Её движения были выверены, лишены суеты. Она не бежала. Она шла быстрым, ровным шагом, будто заранее зная маршрут. Лабиринт не мог её остановить, потому что она двигалась не по его правилам. Она пробивала себе путь напрямик, к верхним уровням, к лаборатории Кросса.
Добравшись до центральной лестничной клетки, она остановилась. Здесь сходились несущие конструкции всего крыла. Она достала из рюкзака четыре крупных заряда, каждый размером с кирпич. Её пальцы быстро и методично устанавливали таймеры, соединяли провода. Она не смотрела по сторонам. Она не слушала вой сирен или хор безумцев. Она была полностью поглощена своей работой.
Она не собиралась ничего захватывать. Она не пришла сюда спасать или мстить.

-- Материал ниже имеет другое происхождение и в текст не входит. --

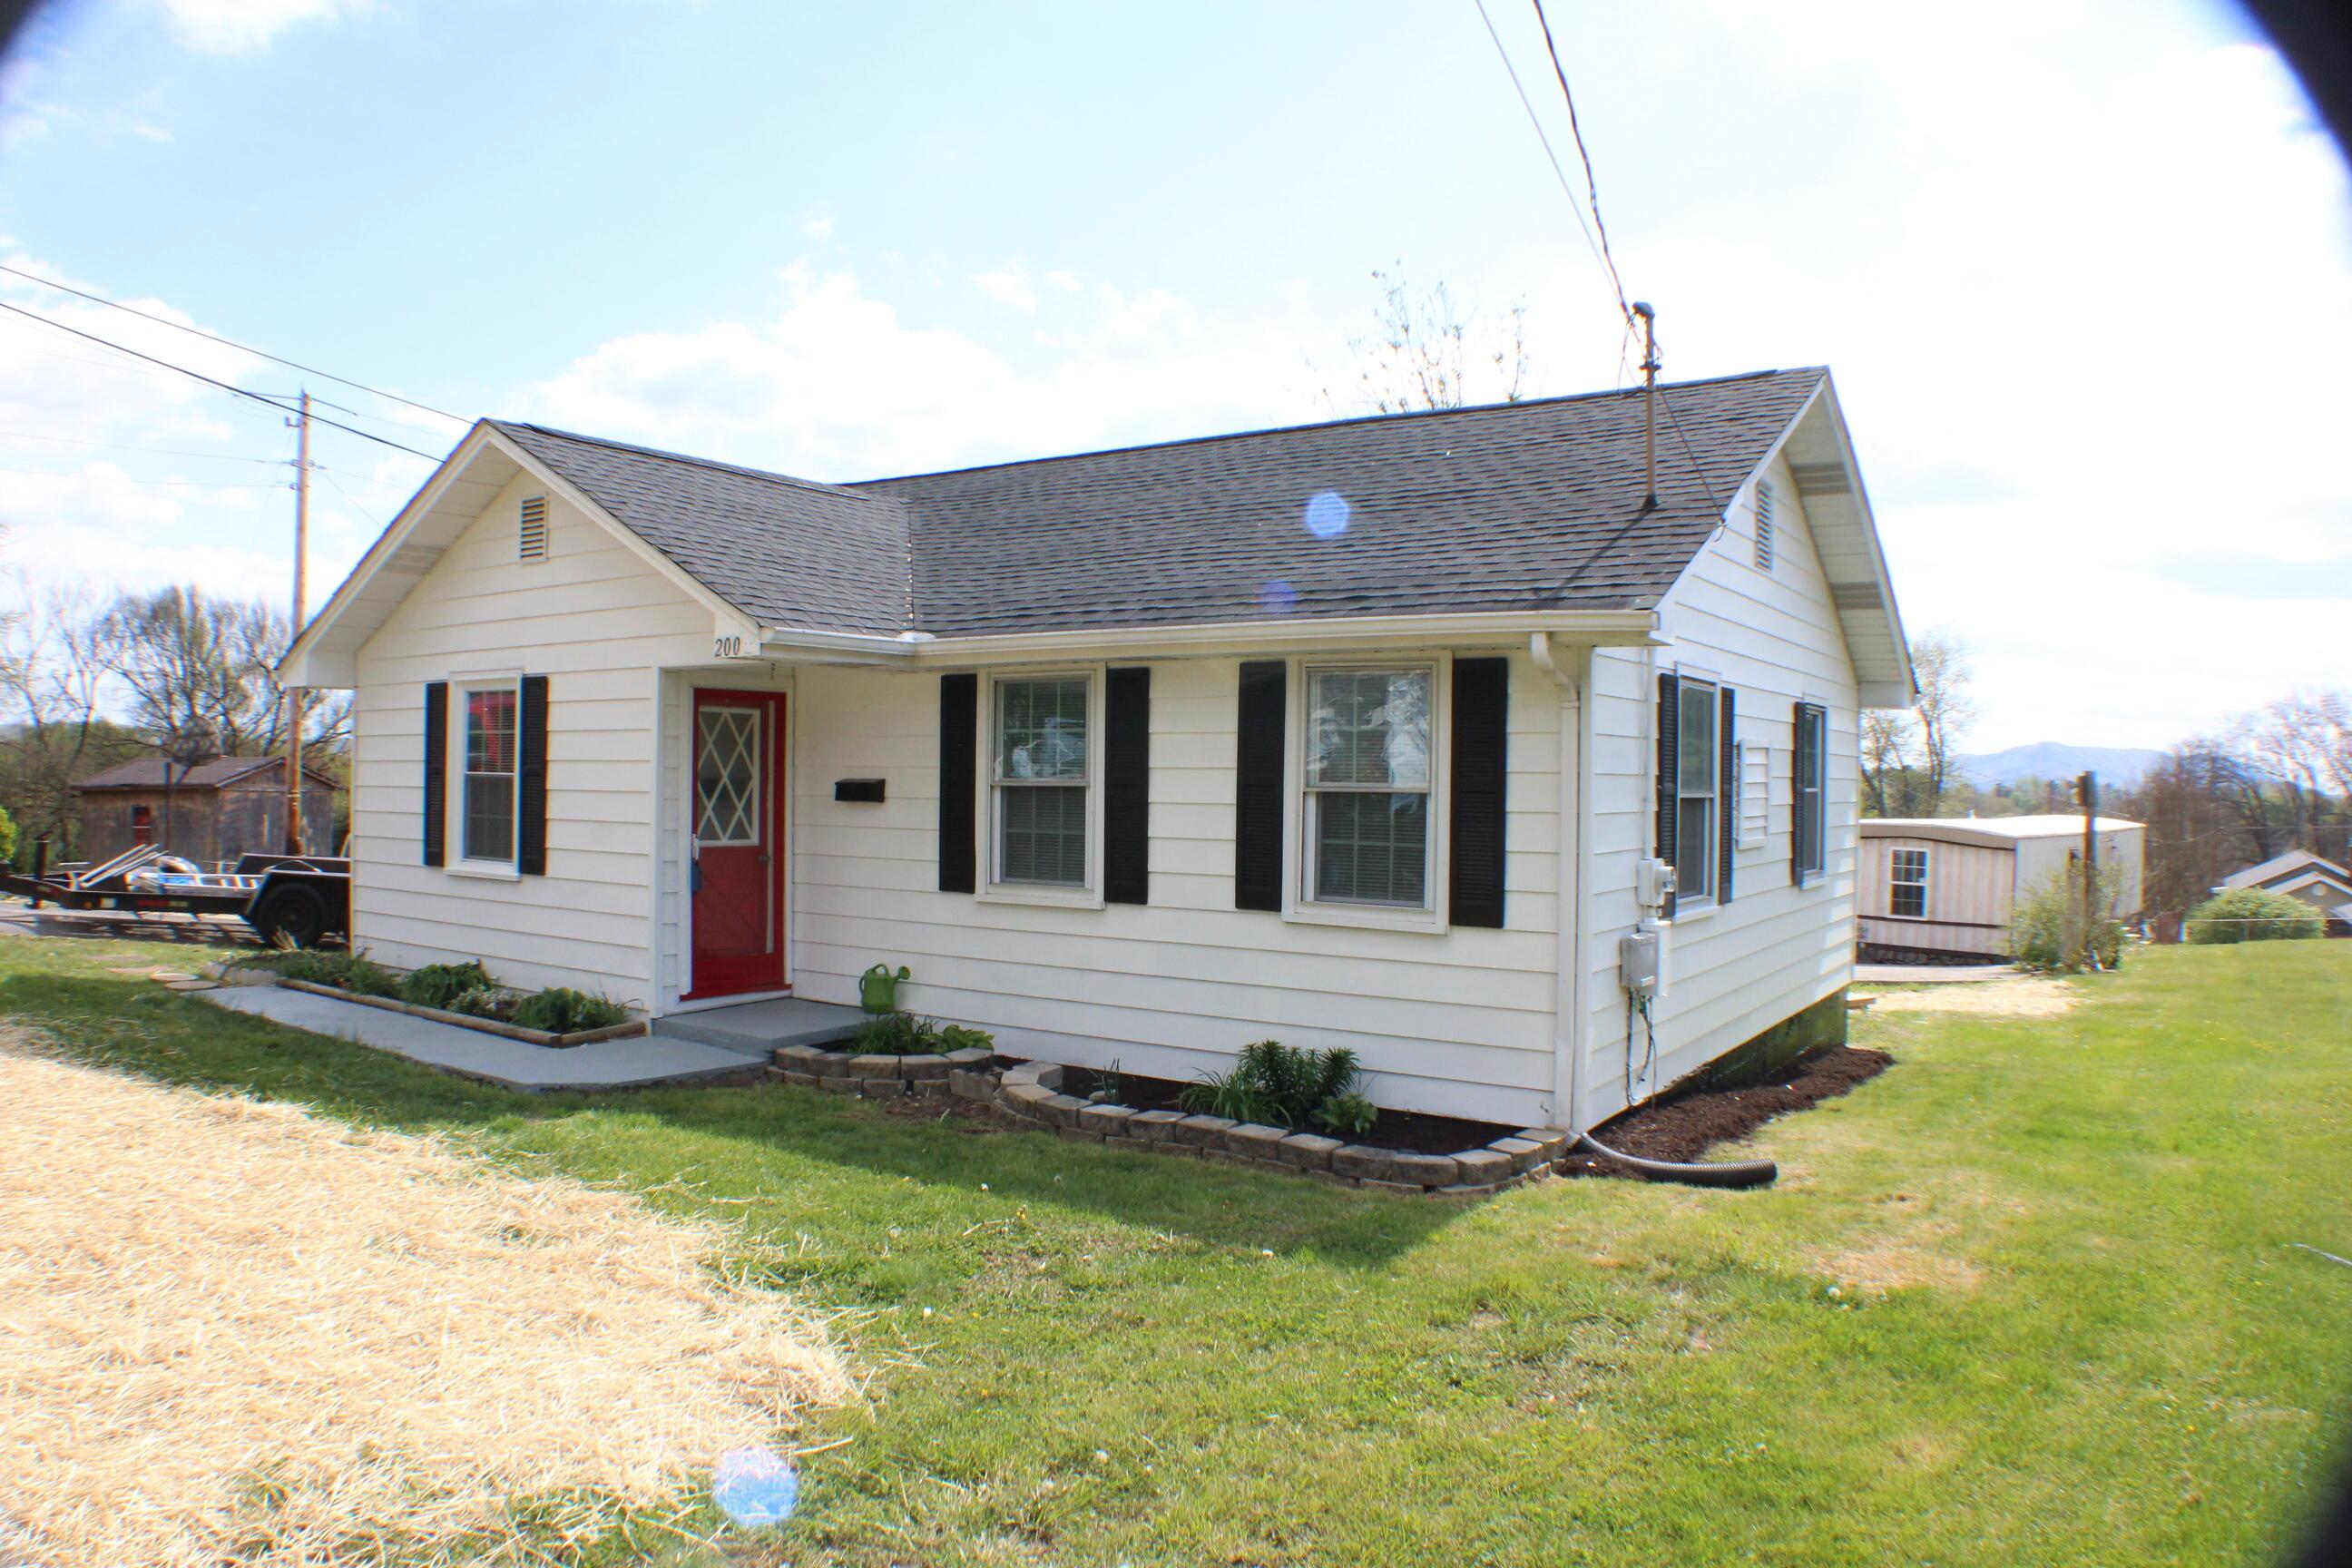 200 Alabama Street, Kingsport, Tennessee 37660, 3 Bedrooms Bedrooms, ,1 BathroomBathrooms,Single Family,For Sale,200 Alabama Street,1,9921355

Она пришла, чтобы стереть это место с лица земли. Вместе со всеми, кто был внутри.
— Сектор Гамма, чисто! Приём!
— Сектор Дельта, чисто!
Голоса в рации Марко были напряжёнными, но ровными. Его люди продвигались вглубь комплекса, как хирургический инструмент. Охрана Кросса, состоящая из наёмников, была хорошо подготовлена, но их было мало, и они не ожидали такого яростного, скоординированного штурма. Они отстреливались, отступали и умирали.
Марко занял позицию в центре огромного, похожего на собор, холла. Свет лился сквозь разбитый стеклянный купол высоко вверху, смешиваясь с красным светом тревоги. В воздухе пахло порохом и озоном. Пыль от бетонной крошки оседала на его снаряжении. Он координировал три группы, загоняя оставшихся защитников в ловушку.
Всё шло по плану. По её плану.
Он знал, что это его последний бой. Понял это ещё в конференц-зале, когда увидел в глазах Хелен ледяное знание. Она знала, что он предатель. И она дала ему этот шанс не для искупления. А для утилизации. Он и его люди были тараном, который должен был проломить ворота и умереть на стенах, расчистив путь для настоящих жнецов.
Эта мысль не вызывала страха. Только глухую, тяжёлую усталость. Он сделал свой выбор в тот день, когда согласился на сделку с Вороновым. Жизнь его дочери в обмен на информацию. Он бы сделал этот выбор снова. Тысячу раз.
— Босс, у нас движение! — раздался в рации голос Рико, его заместителя. — Вентиляция! Верхние уровни!
Марко поднял автомат. Слишком поздно.
Из широких вентиляционных решёток под потолком и из скрытых панелей в стенах, о которых не было ни слова в их планах, ударил огонь. Это была не паническая стрельба охраны. Это был шквал точных, коротких очередей. Пули летели не хаотично. Они били по уязвимым местам: в шею, подмышки, в щели между бронепластинами.
Один из его бойцов рухнул без крика. Второй развернулся, пытаясь ответить, и тут же получил очередь в бок.
Засада.
Марко успел укрыться за массивной мраморной колонной. Он увидел одного из стрелков. Человек в чёрном, безликом снаряжении двигался с текучей грацией хищника. Стойка. Способ передвижения. То, как он держал оружие. Это были не наёмники. Это были призраки Хелен.
Он всё понял. Холодно. И ясно.
Хелен не стала ждать. Она ударила сразу, используя хаос боя, чтобы списать потери его команды на охрану Кросса. Чисто. Эффективно. Безжалостно.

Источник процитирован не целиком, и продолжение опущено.